• [Aim of the exercise]: Leave the pictures out, and repeat exactly every line from the one with "Outline Alarm Clo" through the end of the data below.

• [Given material]:
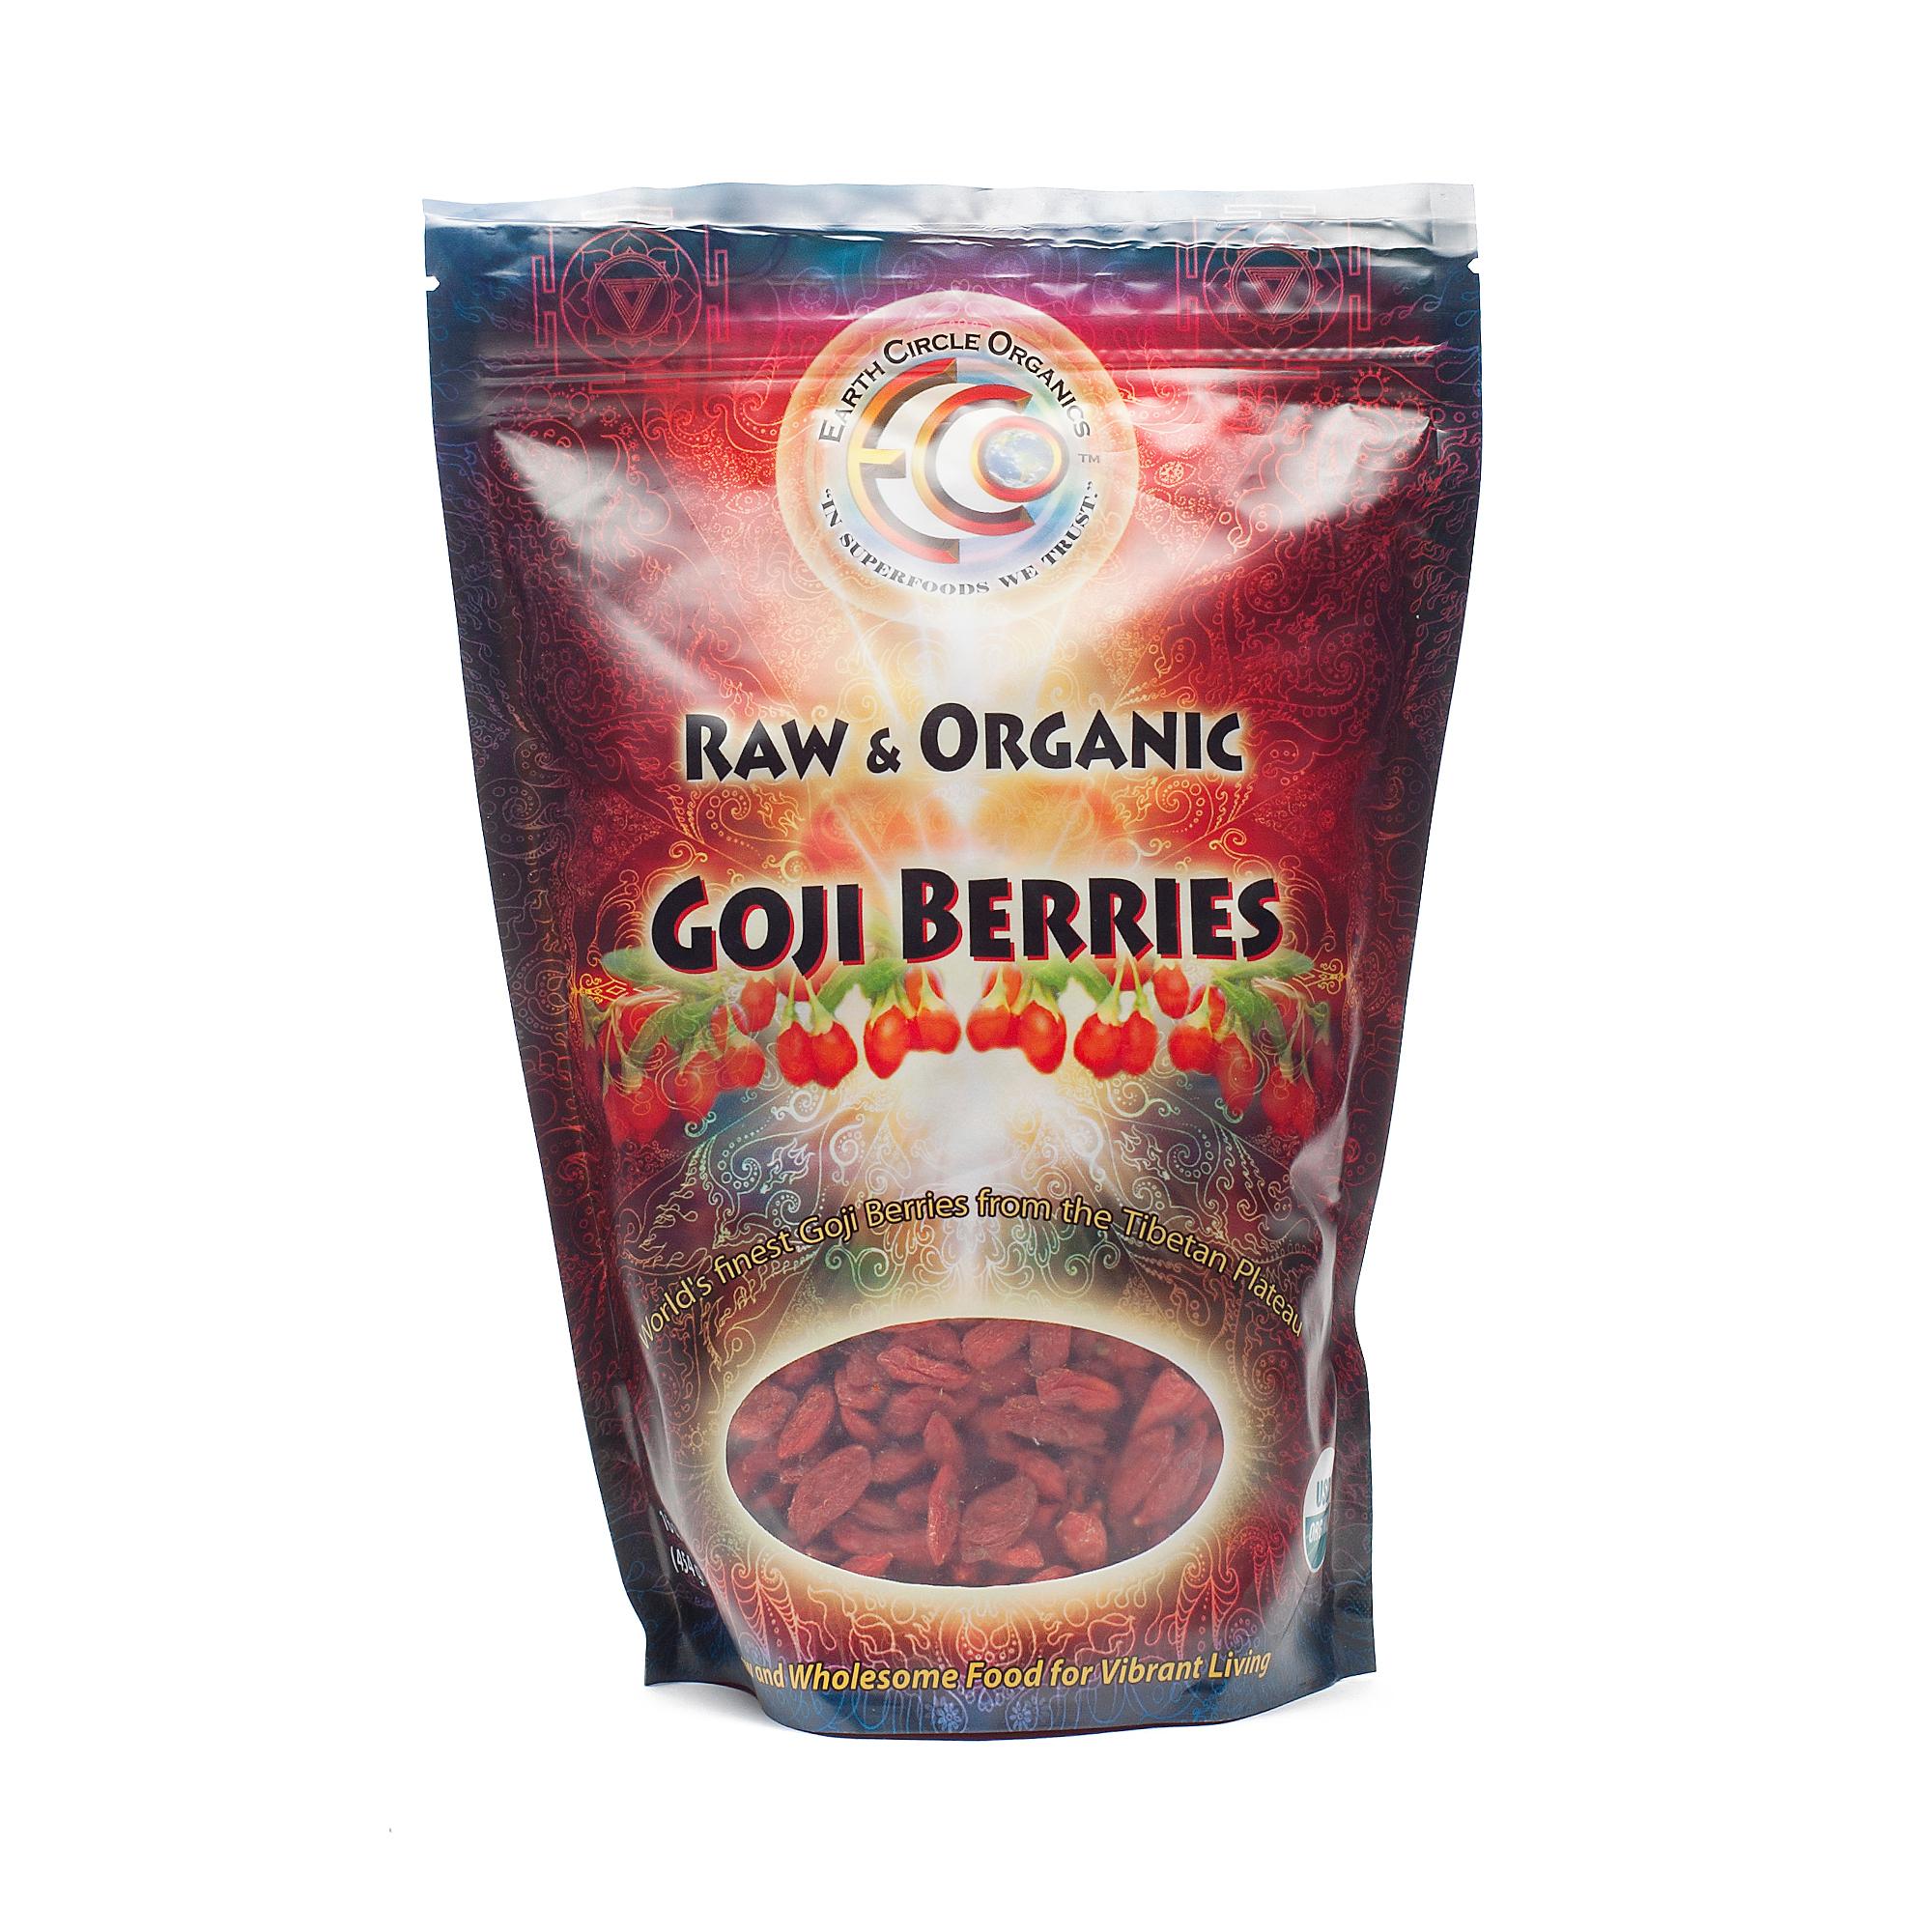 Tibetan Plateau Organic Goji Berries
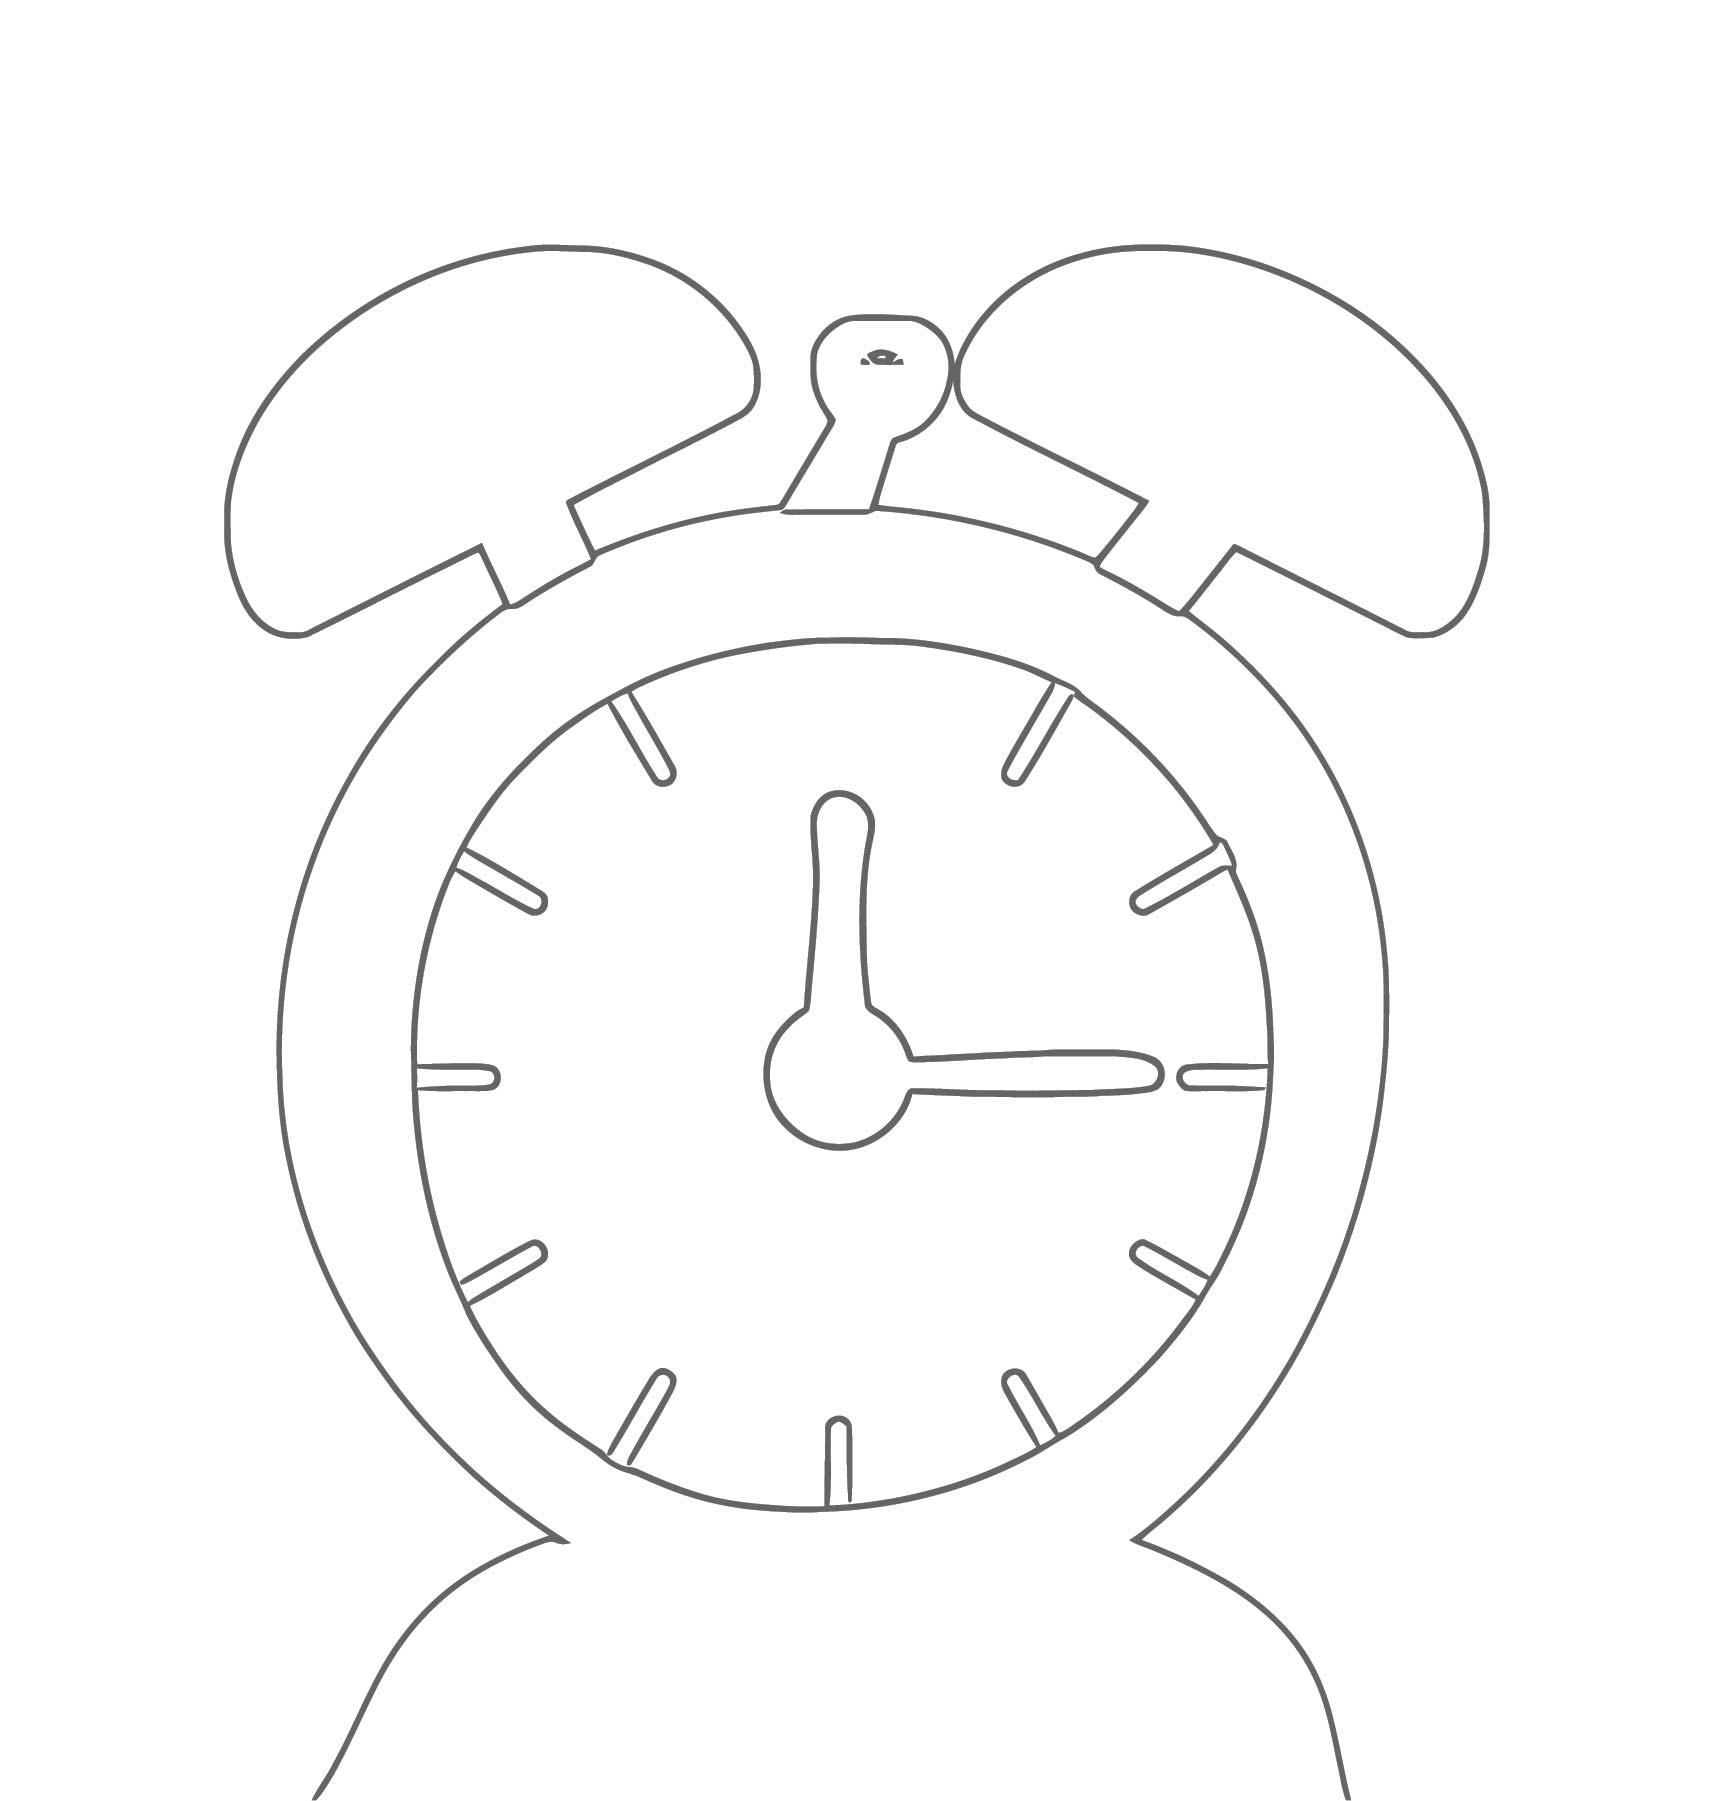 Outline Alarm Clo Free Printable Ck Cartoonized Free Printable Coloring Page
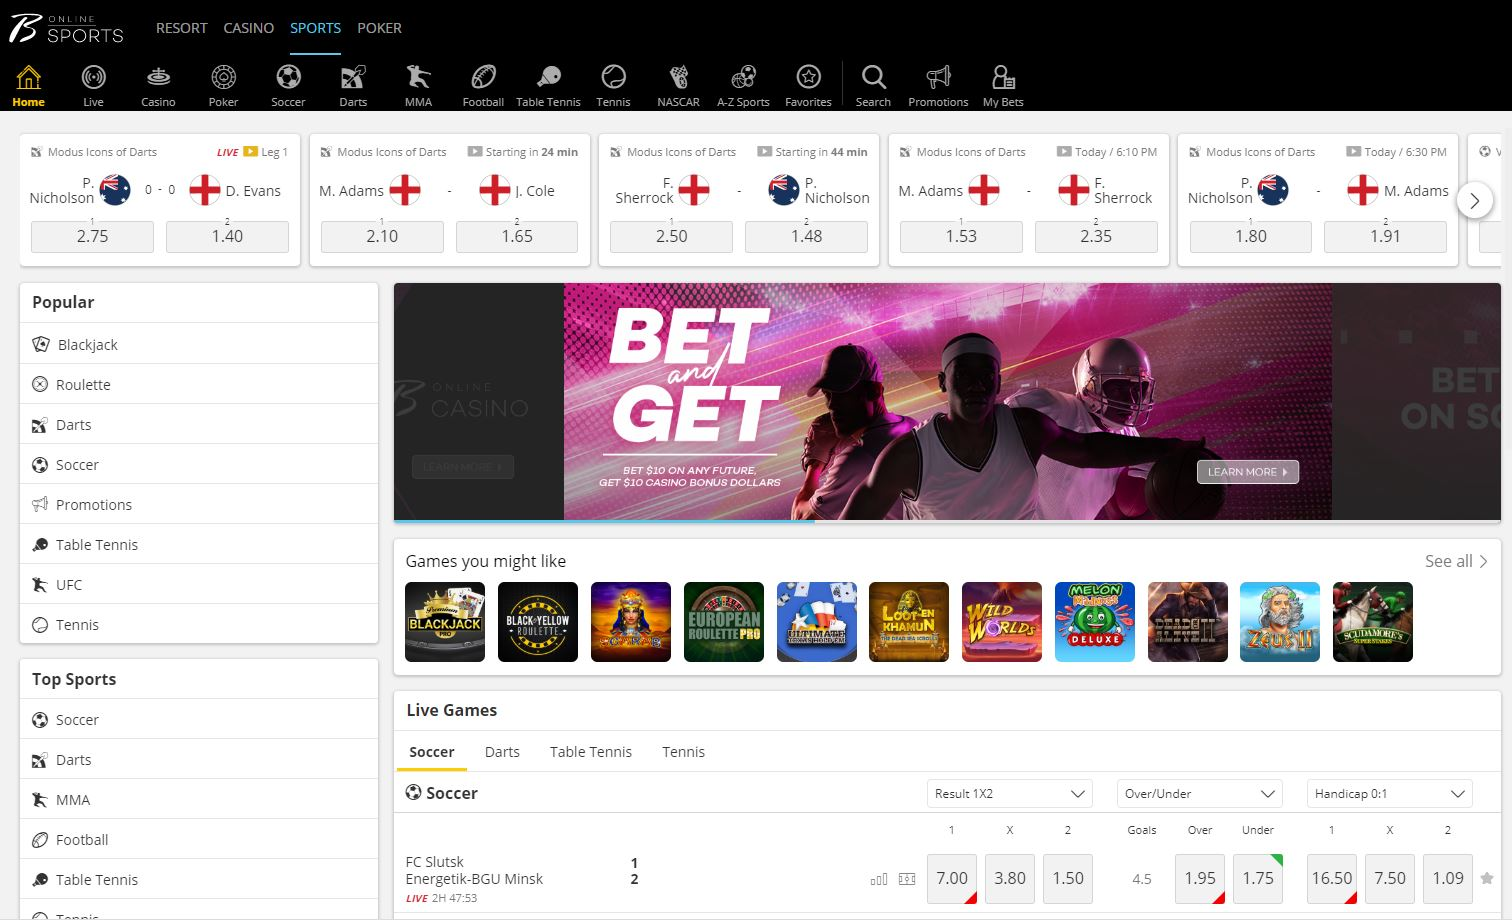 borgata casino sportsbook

• [Exercise result]:
 Outline Alarm Clo Free Printable Ck Cartoonized Free Printable Coloring Page
 borgata casino sportsbook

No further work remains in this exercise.